Treatment of HRE cells with LM11A-31 prevented proNGF-mediated cell permeability (Fig. 5), confirming the barrier-preserving function of modulating p75NTR activity that we observed in vivo (Fig. 3). p75NTR signals via intramembrane proteolysis to release its intracellular domain, which can recruit various adaptor proteins including RhoA [13]. The activation of RhoA in response to proNGF/p75NTR has been well documented in neurons [43]. Prior studies demonstrated the mechanisms through which p75NTR regulates RhoA kinase activation [28, 44]. Our results showed that treatment with LM11A-31 reduced activation of RhoA in vivo (induced by 6 weeks of diabetes in mice; Fig. 6a) and in vitro (induced by proNGF in HRE cells; Fig. 6b). In support, modulation of p75NTR using LM11A-31 significantly lowered the amount of GTP-bound RhoA in rat cortical neurons [45]. Moreover, proNGF-mediated cell permeability was attenuated by using Y-26723, a Rho kinase inhibitor (Fig. 7a, b). These results suggest that RhoA is a primary downstream target in vascular permeability observed in response to proNGF or diabetes.

Rho GTPases, particularly RhoA, RAC-1 and CDC42, are implicated in cytoskeleton regulation and cell permeability with the subsequent involvement of the tight junction proteins ZO-1 and occludin linked to the actin cytoskeleton (reviewed in [46]).
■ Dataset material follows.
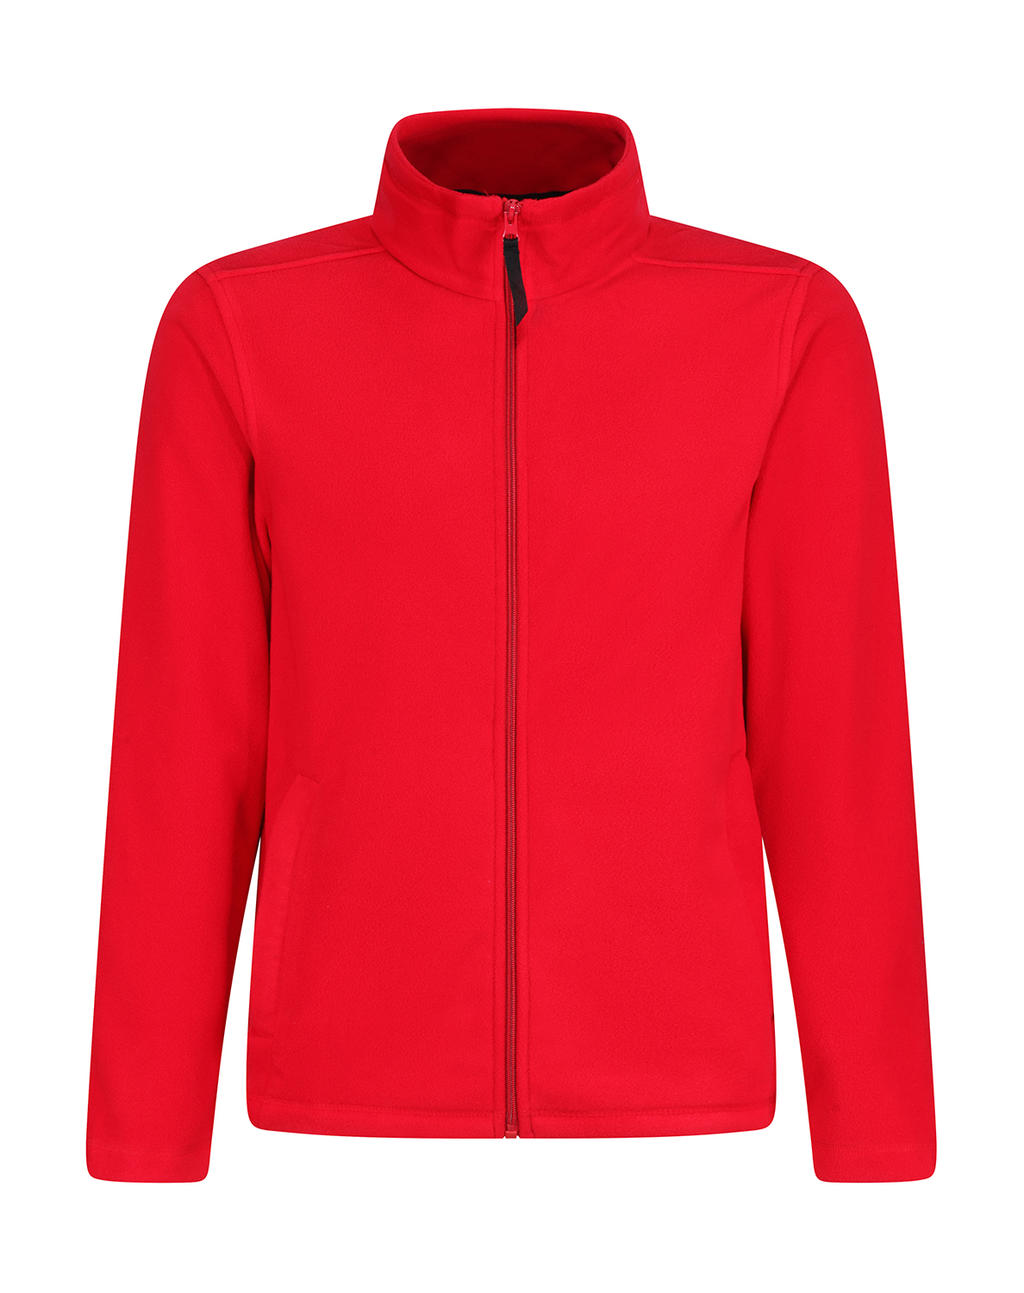  Micro Full Zip Fleece in Farbe Classic Red

Of note, diabetes triggered activation of RhoA (Fig. 6) and RAC-1 (ESM Fig. 2), an effect that was blocked by treatment with LM11A-31. It has been shown that the Rho kinase-dependent reorganisation and accumulation of actin stress fibres occur along small focal adhesion-like structures located at the centre of endothelial cells. Our results showed that proNGF-mediated cell permeability coincided with decrease in tight junction proteins such as ZO-1 and claudin-5 (Fig. 4) and redistribution of ZO-1 and F-actin microfilaments (Fig. 8). In support, prior studies showed that endothelial permeability involves re-localisation of occludin and scaffold protein ZO-1 at tight junctions and also decreasing expression levels of occludin [46]. We also examined the phosphorylation of occludin at S490, which is required for occludin ubiquitination, endocytosis and endothelial permeability [47, 48]. Treatment of HRE cells with proNGF triggered occludin phosphorylation at serine 490; this was mitigated by pharmacological modulation of p75NTR (Fig. 8), suggesting that p75NTR signalling is a potential underlying player regulating alteration in tight junction proteins and subsequent increased vascular permeability.

In conclusion, the mechanism through which LM11A-31 preserves BRB integrity involves modulation of the upregulated p75NTR–RhoA kinase pathway as well as the control of paracrine effects of increased VEGF and proinflammatory mediators in the retina and circulation.